In the midst of decluttering and cleaning, I didn’t expect to be stopped by something so tiny.
A blanket. A simple, faded receiving blanket I had sewn when I was pregnant with my first child. I didn’t expect stumbling across it six years later, to stir emotions in the way it did.
As I unfolded that blanket I was taken back to six years ago when I was pregnant for the first time.
At that moment, there I was again—pregnant with our first baby.
All the feelings and emotions of the first pregnancy came rushing back. The nervous excitement of visiting the doctor for the first time. The wonder of hearing his tiny heartbeat. The awe of seeing my body grow and change as my baby grew. The indescribable feeling of a baby moving from within.
I could smell the newness of everything we had purchased and see our perfectly planned out nursery. I could feel the softness of the tiny little clothes and blankets as I folded them to put in his dresser. I was overwhelmed for a moment again with the feeling of worry, anticipation, and excitement. I felt the uncertainty and worry about labor and delivery.
Feeling it all again brought me to tears.
The truth is, I miss it. I miss that time. I miss the young, excited, well-rested couple who couldn’t wait to meet their little boy. I miss experiencing, for the first time, all the things that came with the first pregnancy. I miss the simplicity of only one. I miss how slow time seemed to travel then. I miss the stillness and ease of our tiny family unit.
Since that pregnancy, I have been blessed to go on and experience two more beautiful pregnancies and deliveries. But there is just something about my first pregnancy that will forever hold a place in my heart.
Our home looks different now.
We have three little ones. Each with their own needs, wants, and to-dos. That first baby is tall and lean and in love with LEGOs. I can no longer keep him safe by just holding him close. We don’t often nap away the afternoon together anymore. Life is faster and more exhausting. Each day I am tugged in three different directions caring for our three little ones. Life seems to have switched to hyperdrive and each day passes faster than the last.
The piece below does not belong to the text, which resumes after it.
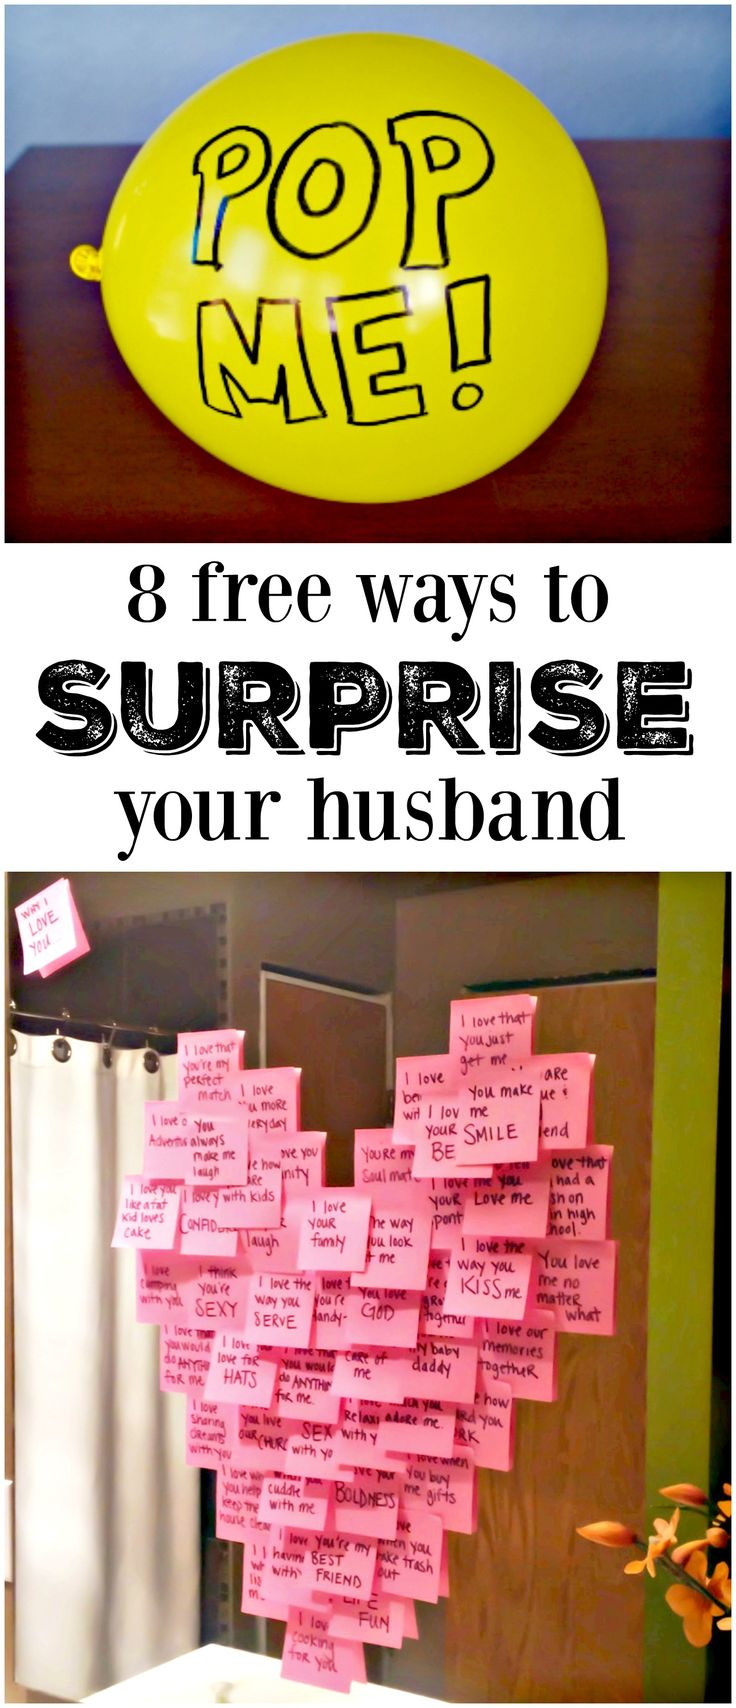 Best ideas about Husband Birthday Gift Ideas
. Save or Pin 25 best ideas about Husband birthday ts on Pinterest Now.

Our life is the definition of beautiful chaos. And truthfully, I love it. I love the pitter and patter of little feet. I love the toys and tiny socks and bookbags. I love having a home filled with imagination and laughter and three little ones. And I know one day these moments will be the ones I miss.
But sometimes, for just a moment, life takes me back to where it all began.
And while I have loved each of my pregnancies and the life we have today, there is just something extra special about the first pregnancy. And some days, like today, I would give anything to go back and experience it all again.
But I know I can’t. So instead I will fold that blanket up and put it in a safe place where it will serve as a reminder of the beauty that is this journey of motherhood.